After my pilot study I have realised that there are factors which will not make the experiment fair such as keeping the room temperature the same each time for the experiment and always letting the experiment cool down after being used. By doing these methods the experiment improves and is more accurate.
Results
My hypothesis was correct, the longer the wire the higher the resistance.
Ohm's law states that the current flowing through the circuit is directly proportional to the voltage applied. (If you double one, you double the other.)
I worked out the resistance of the wires by using the formula:
V/I = R or
This happens because of the electrons that flow through the wire. While moving through the wire, the electrons need to squeeze together. This is because there is not enough room/space for them to pass evenly through. The more the electrons have to bump together then the higher the resistance. This is because it will take longer for them to pass from one side of the wire to the other side. This is because the current is slowed down. (The longer the wire, the longer the electrons have to stay squashed together, and so the longer they take to pass through the wire and the higher the resistance.
The graph which compares the length of the wire to the resistance it gives travels in a straight line through the origin. This means that the size of the length is directly proportional to the resistance it gives. I can work out the gradient of this line by dividing the height of the line by the width. (Gradient = height/width)

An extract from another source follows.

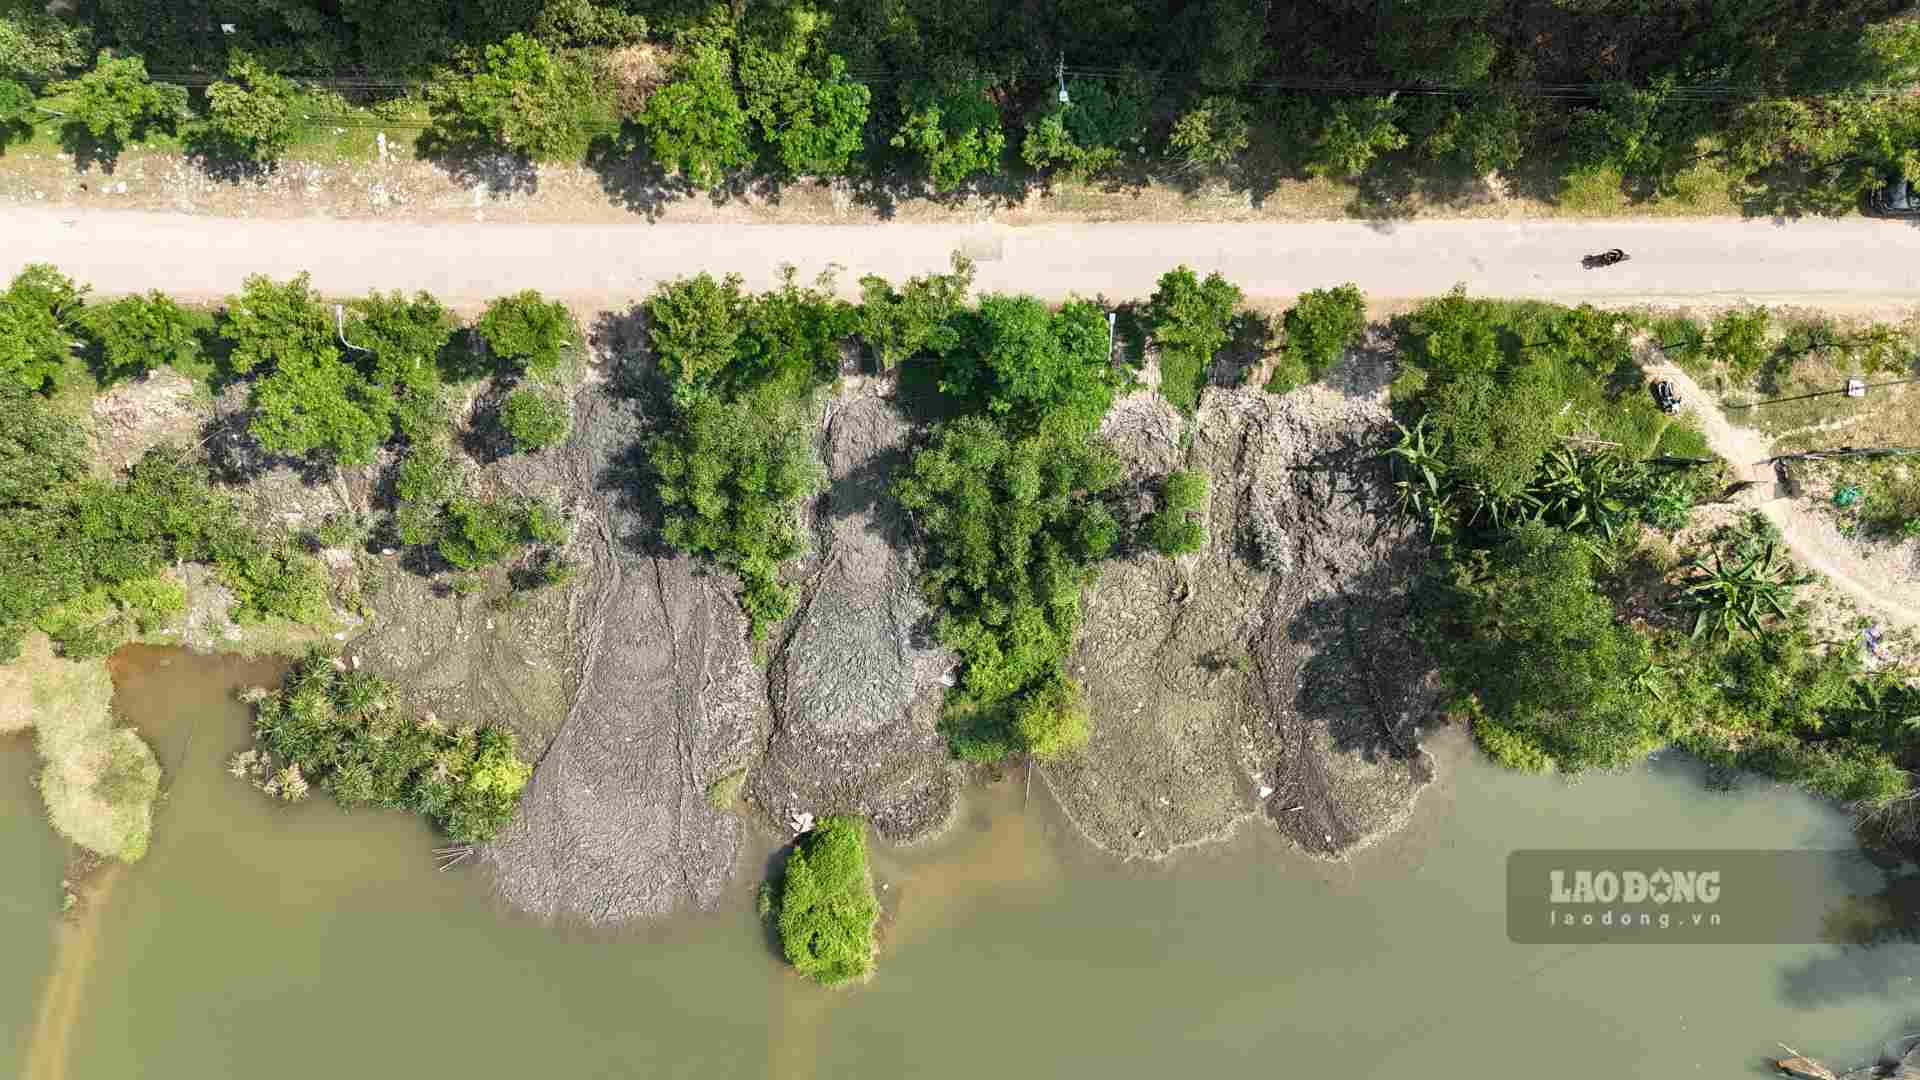  Nhìn từ trên cao có thể thấy, đã có vô số chuyến xe chở bùn thải đổ xả xuống khu vực hồ nước tại thôn Bằng Lãng, xã Thủy Bằng (TP. Huế) suốt thời gian vừa qua.

The gradient of the graph for nichrome wire is: 1/16 = 0.0625
There were a few wayward results. This could have been because the wires were not exactly the correct length or because I did not read the voltmeter and ammeter accurately. The wires might have been over-heated The temperature of the wire will affect the resistance. Hotter wires will have a higher resistance than cold wires. To improve my results I should have obtained more than one result for each wire and length. I could have then worked out an average for more accurate results.